From the line holding "Cartel de 'Pesadilla" through the line holding "website updated resume.jpg" below, write out every line exactly; include both of those lines and drop the pictures.

▶ **Dataset excerpts**
--------------------
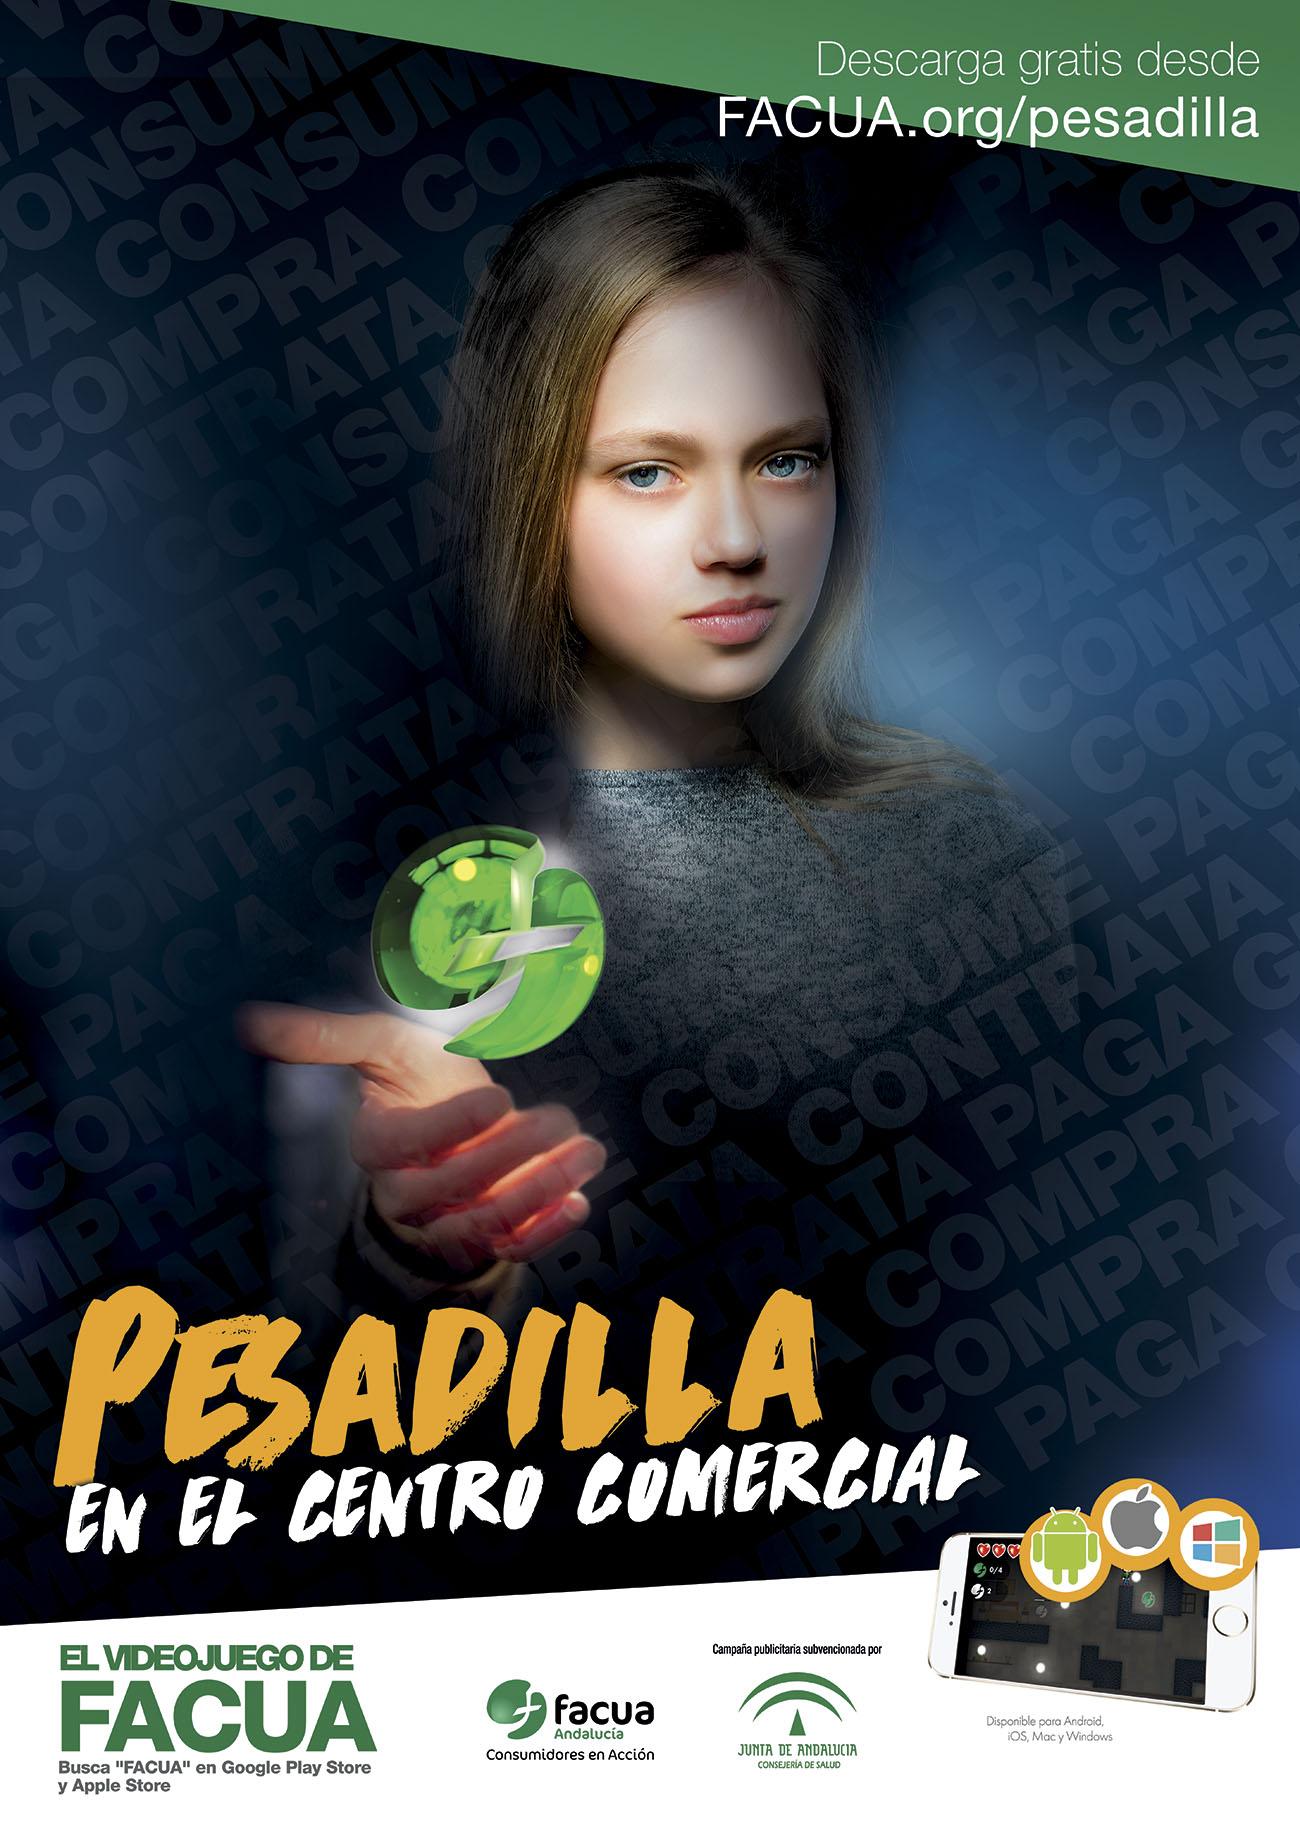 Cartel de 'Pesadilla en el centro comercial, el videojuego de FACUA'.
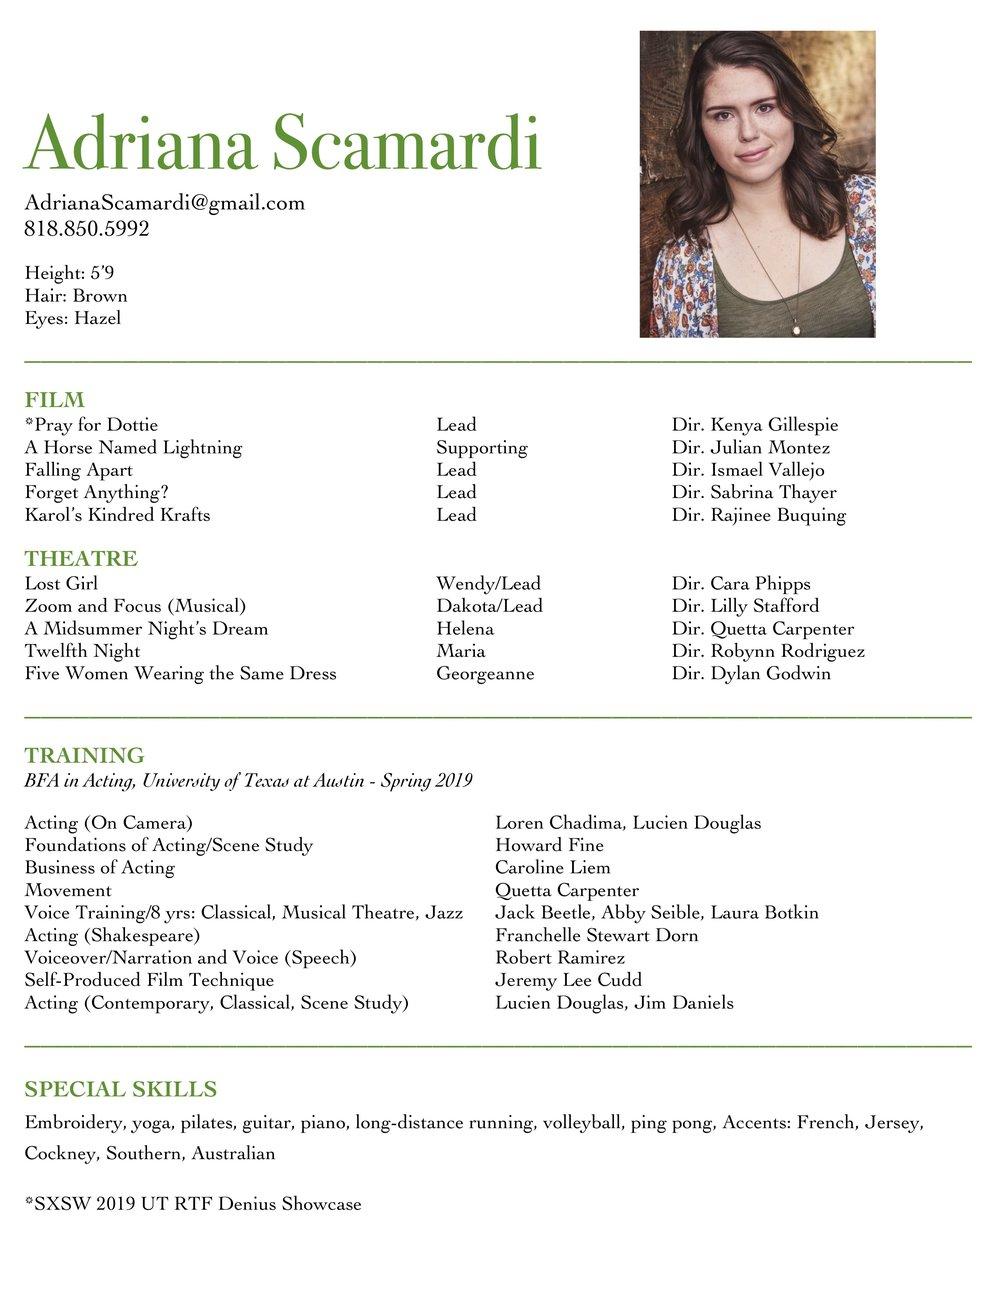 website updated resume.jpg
--------------------
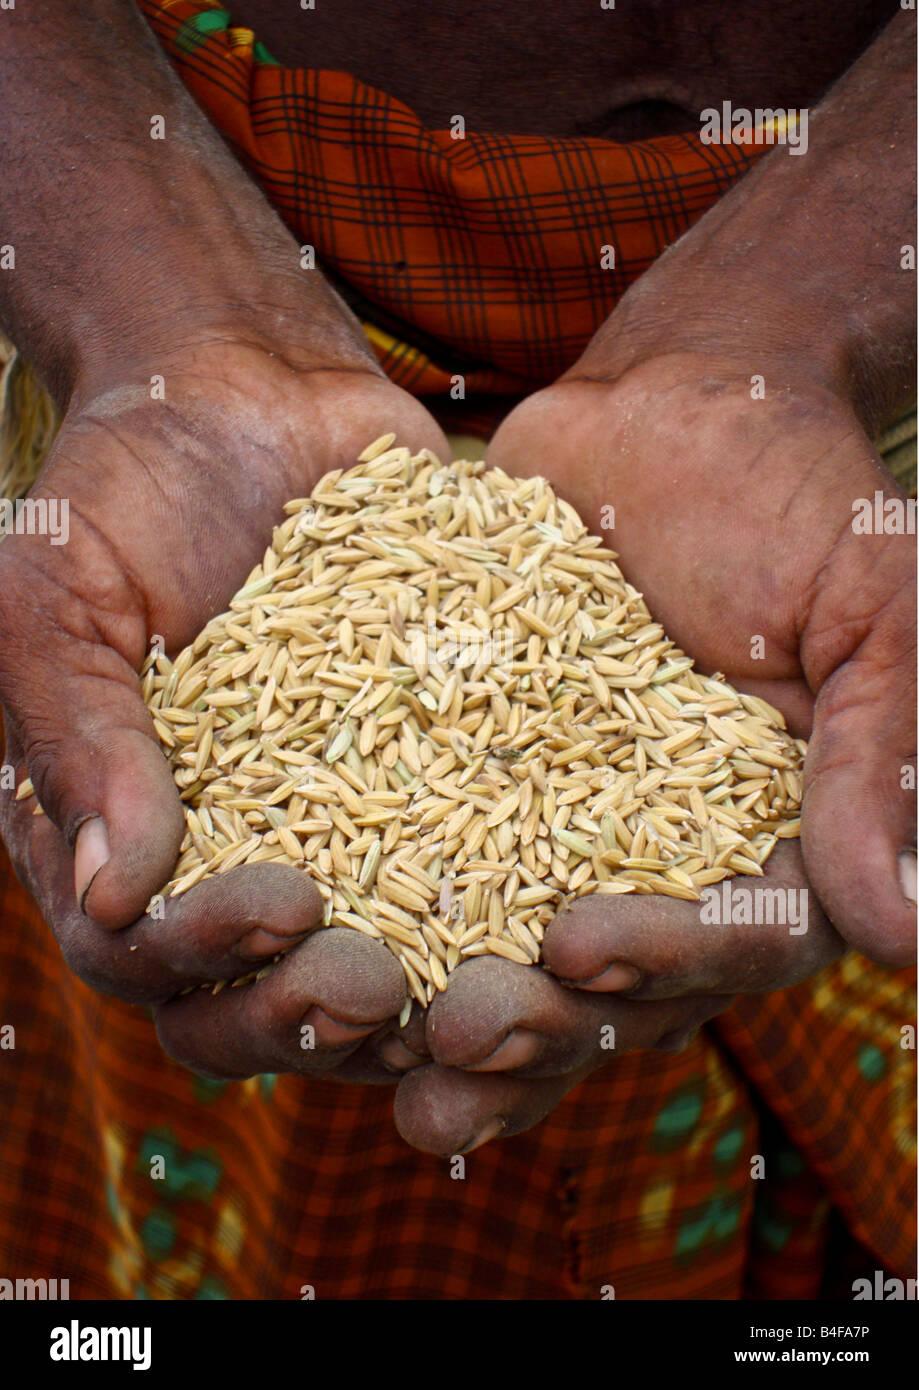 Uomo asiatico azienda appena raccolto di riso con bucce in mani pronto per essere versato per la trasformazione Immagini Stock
--------------------
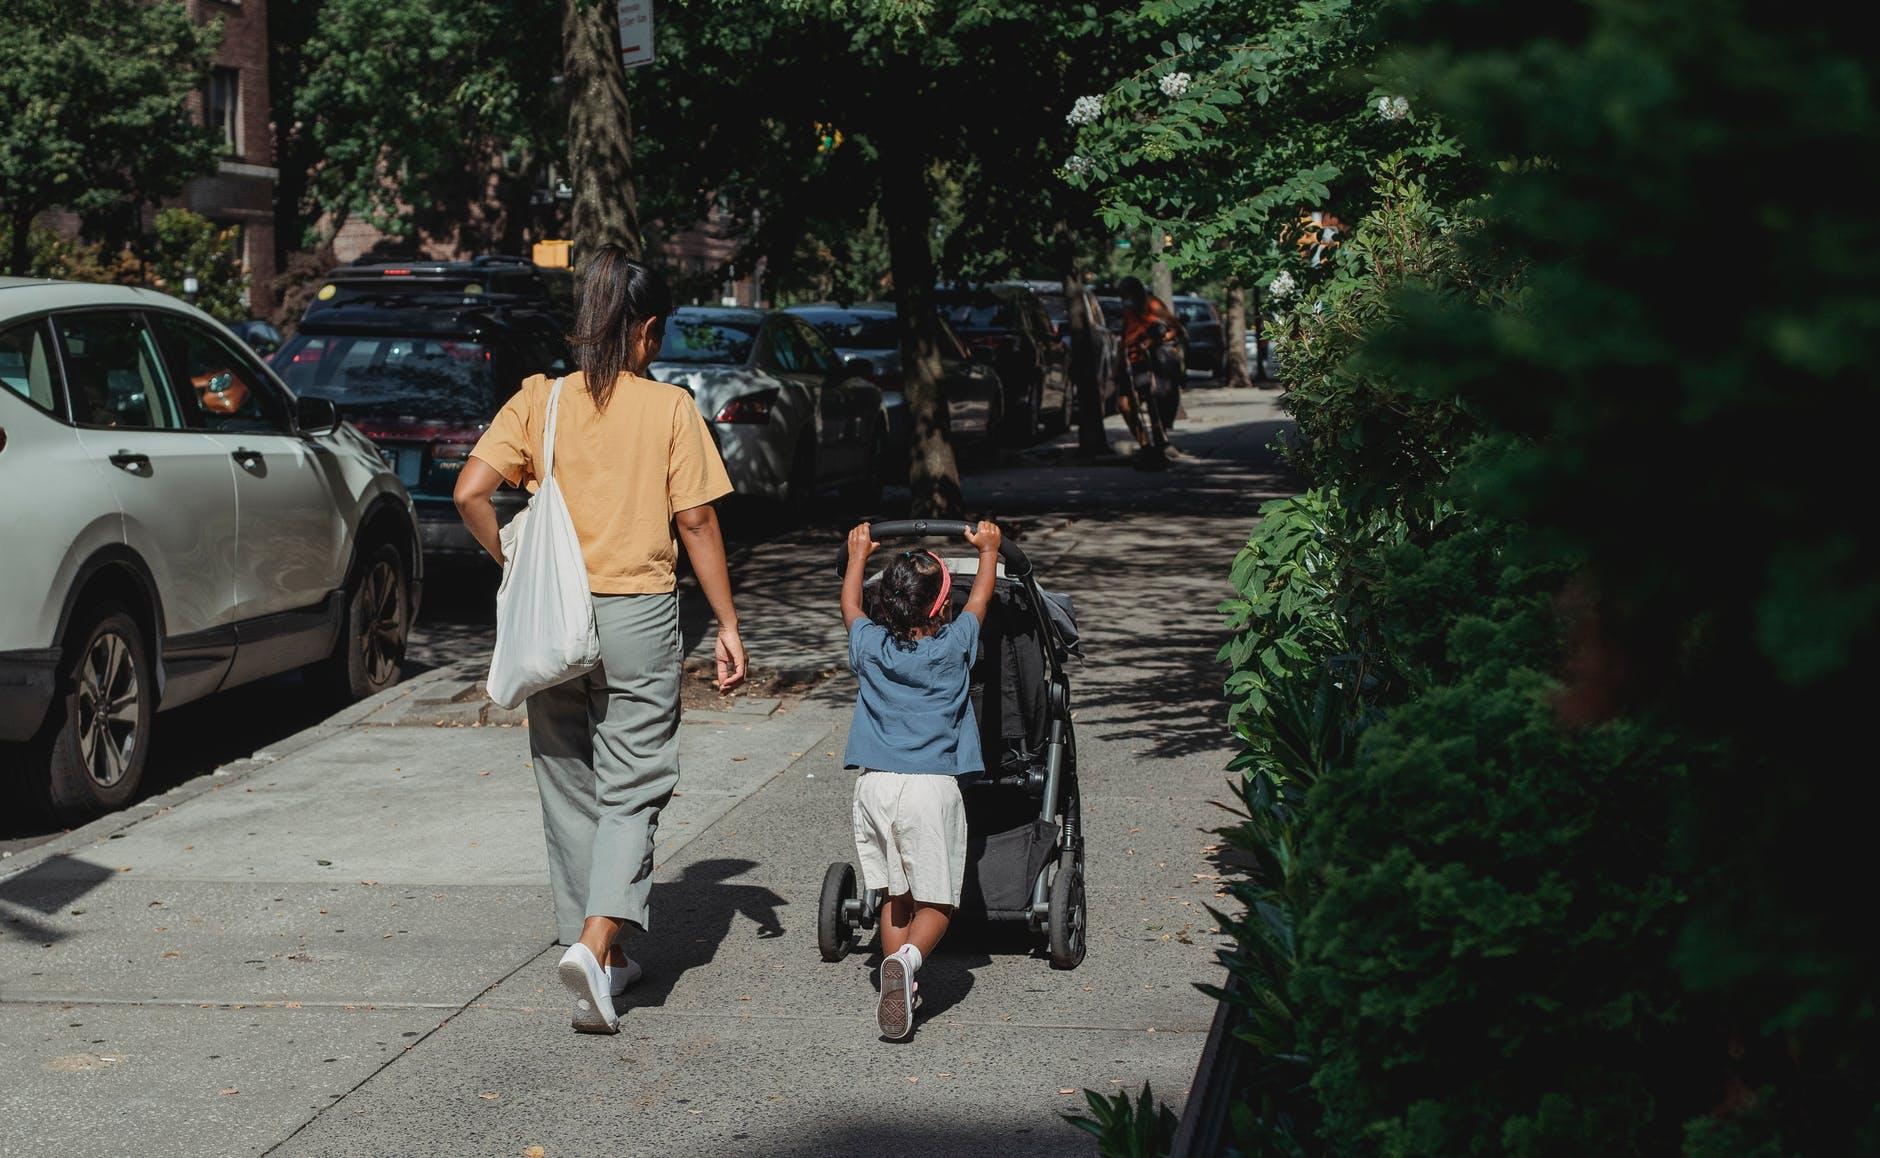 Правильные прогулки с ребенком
--------------------
▶ **Expected output**
 Cartel de 'Pesadilla en el centro comercial, el videojuego de FACUA'.
 website updated resume.jpg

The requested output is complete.